The UAE attracted Dh76 billion ($20.7bn) in foreign direct investments in 2021, up 3.9 per cent from 2020, as a result of measures the country took to develop various economic sectors and improve the ease of doing business.
Foreign investments into the country were directed at traditional and renewable energy, oil and natural gas, financial services, insurance activities, real estate, health, industry and agriculture, the Ministry of Economy said on Wednesday.
The digital economy, technology, artificial intelligence, Internet of Things, blockchain, medical technologies, high-speed transport, virtual and augmented reality, robotics and self-driving cars also attracted "considerable FDI", it said.
"This result is a natural outcome of the pioneering measures and initiatives implemented by the UAE in the past phase to develop its economic sectors and significantly enhance its investment climate," said Abdulla bin Touq, the UAE minister of economy.
"These policies align with a new economic model that is more flexible and sustainable, with more openness to global markets, and are also in line with future economic trends and emerging technologies."
The country's total FDI balance increased 13.7 per cent year on year to reach nearly Dh630bn by the end of 2021, the ministry said.
The UAE ranked first in the Arab world and 15th globally in Kearney's FDI Confidence Index for 2021, advancing four places compared with 2020. It outperformed major global economies such as Singapore, Australia, Portugal, Denmark, Ireland, Brazil and Finland in the overall ranking of the index.

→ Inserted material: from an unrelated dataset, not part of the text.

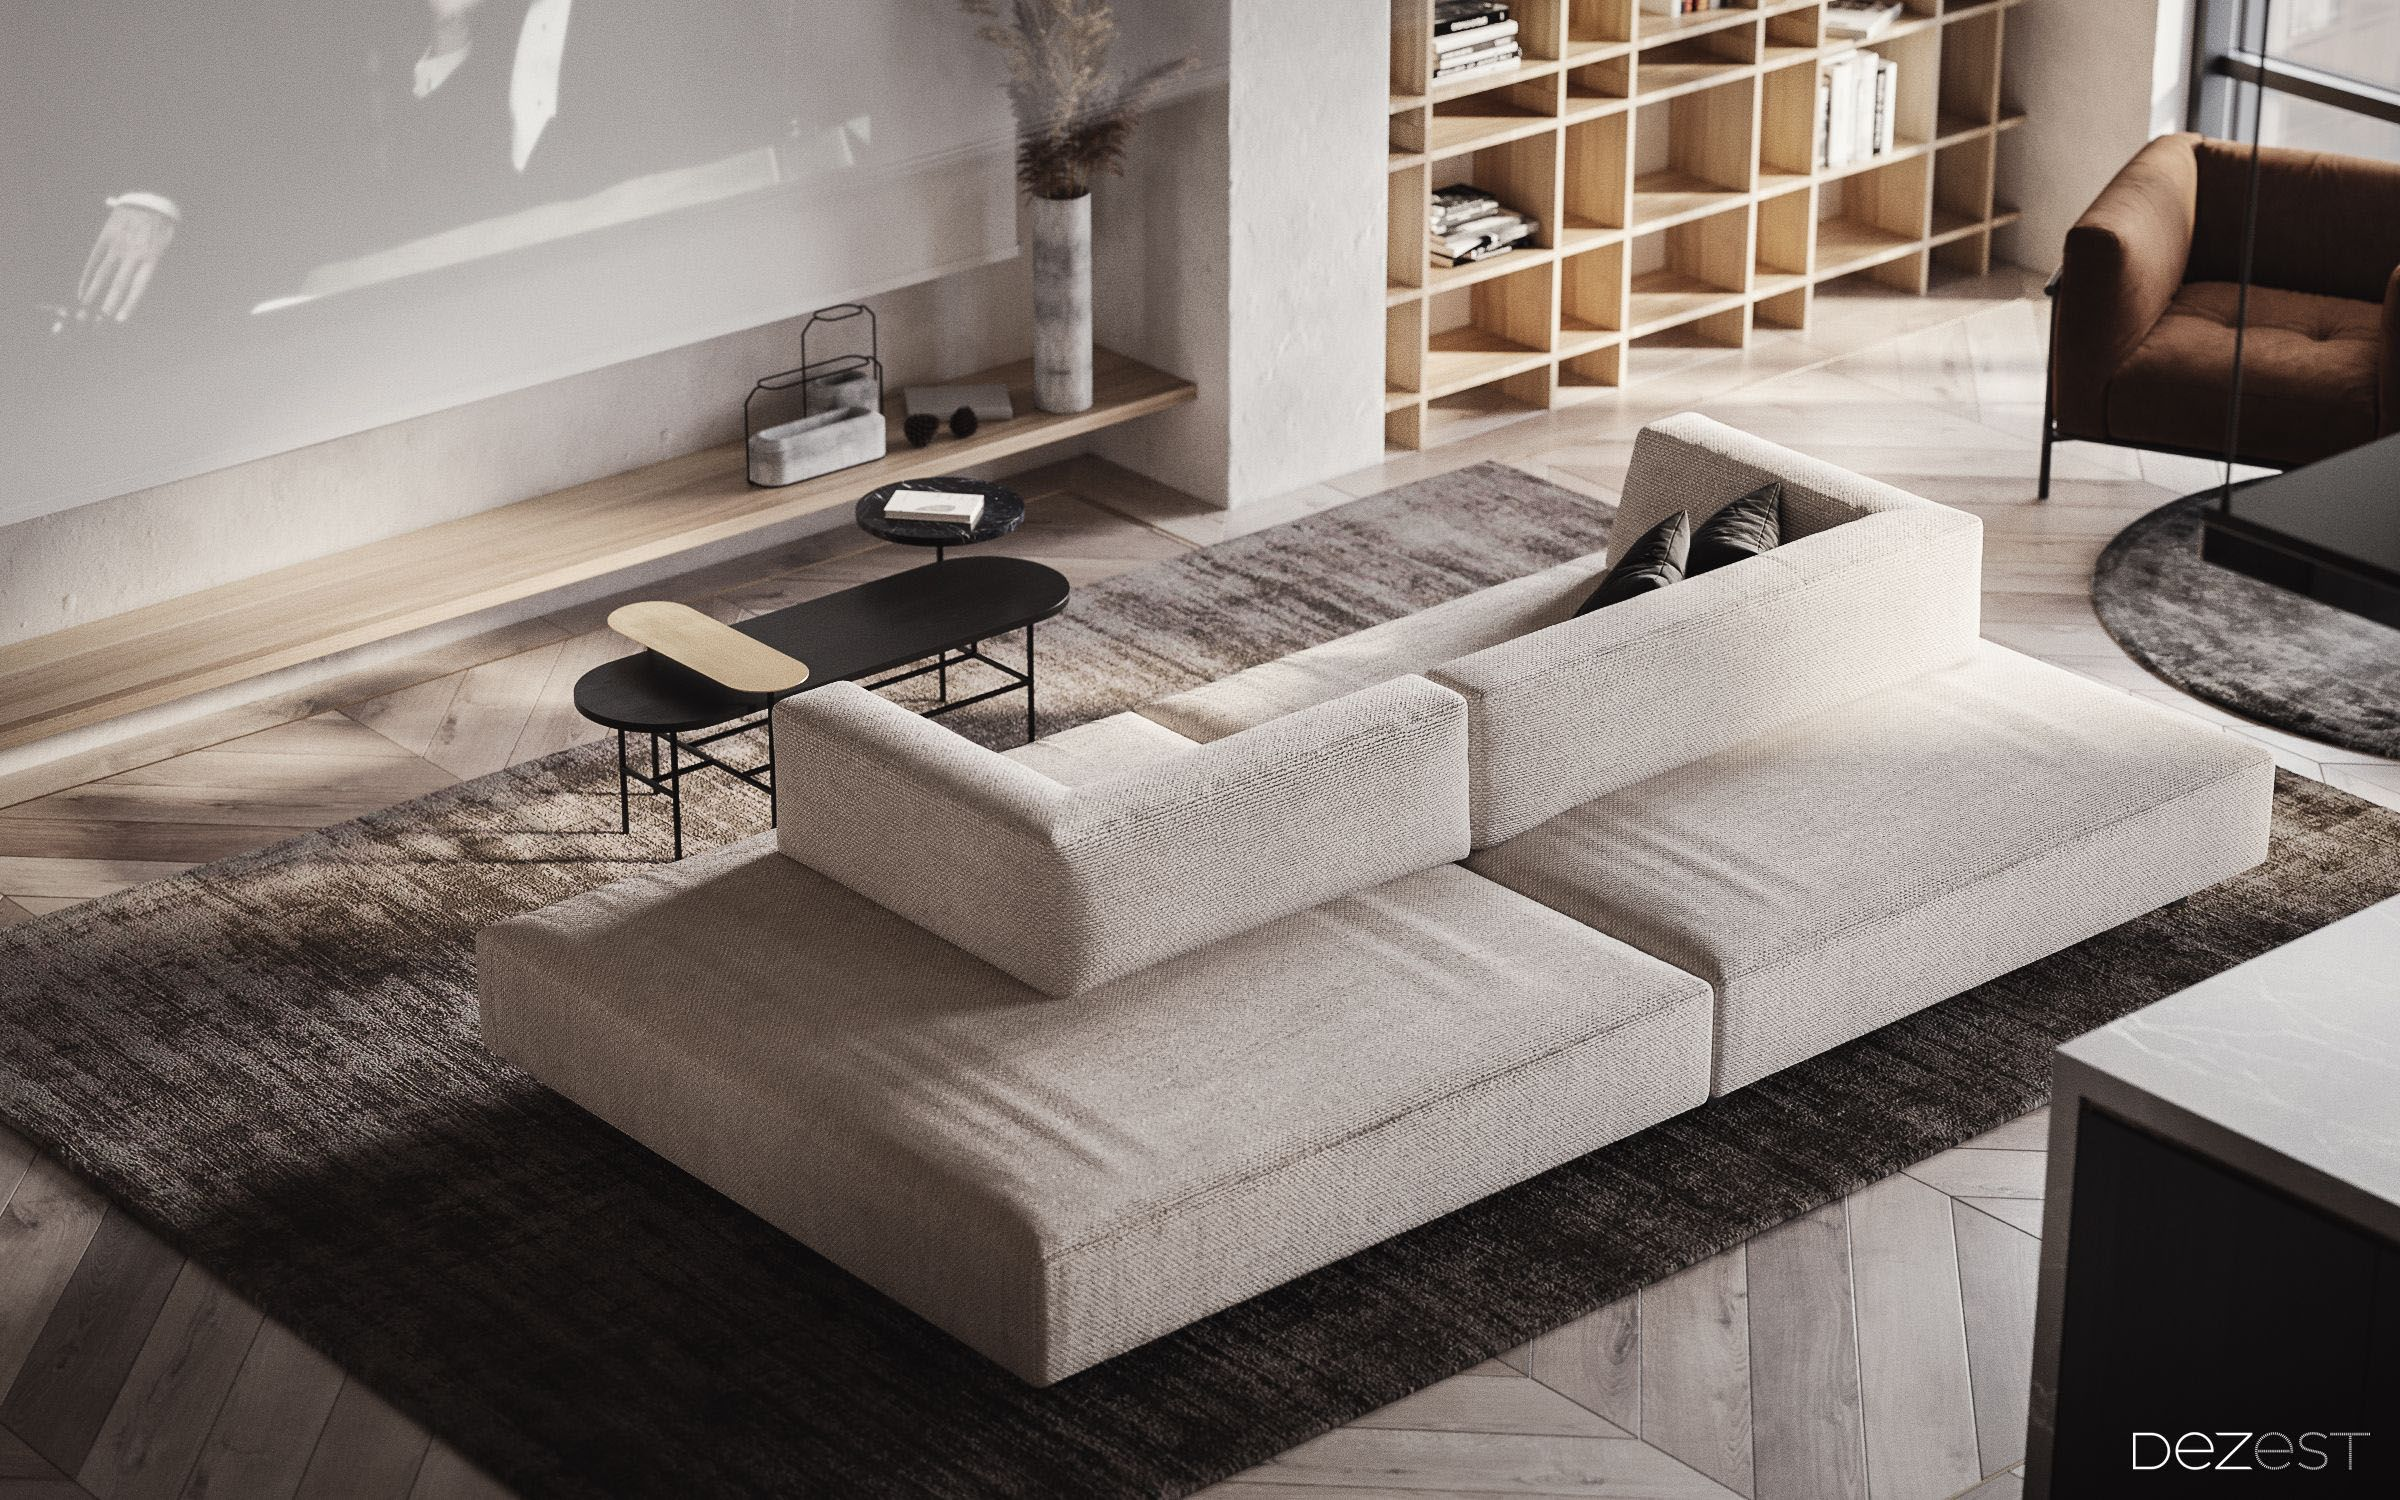 Soul on behance sofa in 2018 pinterest living room living

The growth in FDI inflows to the UAE reflects the confidence of the international community in its investment environment, said Minister of State for Foreign Trade Thani Al Zeyoudi.
New legislation and the launch of the Projects of the 50 campaign are set to have a concrete effect in the long run on the flow and quality of foreign and domestic investments and the UAE’s overall economic growth, he said. This will result in creating jobs and developing new skills.
The Arab world’s second-largest economy has undertaken economic, legal and social structural reforms aimed at strengthening its business environment, attracting FDI, drawing high-skilled talent and incentivising companies to set up or expand their operations in the country.
The reforms include the expansion of longer-term residency visas to broader categories of residents, wide-ranging changes to personal and labour laws, allowing 100 per cent foreign ownership of onshore companies and the decision to change the UAE’s working week to Monday to Friday to align with other major economies.
The UAE's outward FDI flows to other countries reached nearly Dh82.6bn in 2021, a growth of 19.1 per cent year on year, the ministry said.
UAE companies have boosted the competitiveness of the national economy in advanced global industries such as aviation, transport, mining and conventional and renewable energy. They also invested in real estate, construction, ICT, oil and natural gas, logistics, ports and infrastructure, tourism, hotels, entertainment, banking and agriculture.
The Emirates is keen to increase FDI flows to the country and aims to boost economic output by up to 6 per cent in 2022 despite headwinds and global geopolitical challenges, Mr bin Touq said last month.
"If we want to double our economy from Dh1.4 trillion to Dh3tn in seven years, which we have announced, we have to average a growth of about 5 per cent to 6 per cent," the minister said at the time. "I’m hoping for that target to happen this year."
The UAE is also working to strengthen relations with key trading partners.
The UAE and Israel have concluded talks on a Comprehensive Economic Partnership Agreement (Cepa) that is expected to boost non-oil trade and investment between the two countries.
The agreement is ready for signing and paves the way for a "new era of collaboration" in priority sectors such as agriculture technology, medical technology, new energy solutions and advanced technology, Mr Al Zeyoudi said last week.
The UAE signed a similar agreement in February with India that is expected to boost non-oil trade between the two nations to $100bn in five years, from $60bn currently.
The country is also in Cepa negotiations with Indonesia, the biggest economy in South-East Asia. A similar deal is being negotiated with South Korea, which is expected to be finalised by the end of 2022.